-- About this task --
Would you return the lines between the one holding "Піжама Matilda сорочка" and the one holding "Hootoo iphone flash drive", inclusive, and only those, exactly as they stand in the listing below?

-- Dataset content --
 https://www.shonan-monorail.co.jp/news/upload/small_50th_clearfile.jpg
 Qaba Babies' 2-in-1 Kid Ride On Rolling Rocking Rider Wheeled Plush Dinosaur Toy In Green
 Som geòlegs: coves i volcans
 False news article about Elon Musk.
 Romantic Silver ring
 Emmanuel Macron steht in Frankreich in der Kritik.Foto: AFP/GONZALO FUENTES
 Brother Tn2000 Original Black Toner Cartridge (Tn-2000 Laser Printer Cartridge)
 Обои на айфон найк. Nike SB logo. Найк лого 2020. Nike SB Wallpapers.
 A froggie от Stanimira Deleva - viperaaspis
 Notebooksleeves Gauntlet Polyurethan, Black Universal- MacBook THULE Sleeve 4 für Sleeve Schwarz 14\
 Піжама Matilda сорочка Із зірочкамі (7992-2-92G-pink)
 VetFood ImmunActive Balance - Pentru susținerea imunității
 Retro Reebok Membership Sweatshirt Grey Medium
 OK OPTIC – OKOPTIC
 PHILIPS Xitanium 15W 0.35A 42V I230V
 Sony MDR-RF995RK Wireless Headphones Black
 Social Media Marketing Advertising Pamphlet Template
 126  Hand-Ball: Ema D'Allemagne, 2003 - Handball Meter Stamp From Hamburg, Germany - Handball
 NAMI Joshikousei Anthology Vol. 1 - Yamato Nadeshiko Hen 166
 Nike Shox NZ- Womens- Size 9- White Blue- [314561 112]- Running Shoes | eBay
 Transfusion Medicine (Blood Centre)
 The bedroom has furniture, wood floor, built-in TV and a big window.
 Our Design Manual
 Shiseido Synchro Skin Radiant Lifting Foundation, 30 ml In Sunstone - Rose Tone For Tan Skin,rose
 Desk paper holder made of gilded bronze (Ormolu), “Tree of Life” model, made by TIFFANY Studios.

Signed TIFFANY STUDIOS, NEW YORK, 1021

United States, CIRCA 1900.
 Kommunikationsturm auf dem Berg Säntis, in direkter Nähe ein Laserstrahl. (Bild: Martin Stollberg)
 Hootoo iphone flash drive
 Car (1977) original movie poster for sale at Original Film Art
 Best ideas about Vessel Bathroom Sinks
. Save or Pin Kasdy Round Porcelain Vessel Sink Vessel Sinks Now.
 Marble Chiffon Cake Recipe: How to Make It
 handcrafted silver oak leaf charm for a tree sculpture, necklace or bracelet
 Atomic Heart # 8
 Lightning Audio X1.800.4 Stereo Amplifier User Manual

-- Response box --
 Піжама Matilda сорочка Із зірочкамі (7992-2-92G-pink)
 VetFood ImmunActive Balance - Pentru susținerea imunității
 Retro Reebok Membership Sweatshirt Grey Medium
 OK OPTIC – OKOPTIC
 PHILIPS Xitanium 15W 0.35A 42V I230V
 Sony MDR-RF995RK Wireless Headphones Black
 Social Media Marketing Advertising Pamphlet Template
 126  Hand-Ball: Ema D'Allemagne, 2003 - Handball Meter Stamp From Hamburg, Germany - Handball
 NAMI Joshikousei Anthology Vol. 1 - Yamato Nadeshiko Hen 166
 Nike Shox NZ- Womens- Size 9- White Blue- [314561 112]- Running Shoes | eBay
 Transfusion Medicine (Blood Centre)
 The bedroom has furniture, wood floor, built-in TV and a big window.
 Our Design Manual
 Shiseido Synchro Skin Radiant Lifting Foundation, 30 ml In Sunstone - Rose Tone For Tan Skin,rose
 Desk paper holder made of gilded bronze (Ormolu), “Tree of Life” model, made by TIFFANY Studios.

Signed TIFFANY STUDIOS, NEW YORK, 1021

United States, CIRCA 1900.
 Kommunikationsturm auf dem Berg Säntis, in direkter Nähe ein Laserstrahl. (Bild: Martin Stollberg)
 Hootoo iphone flash drive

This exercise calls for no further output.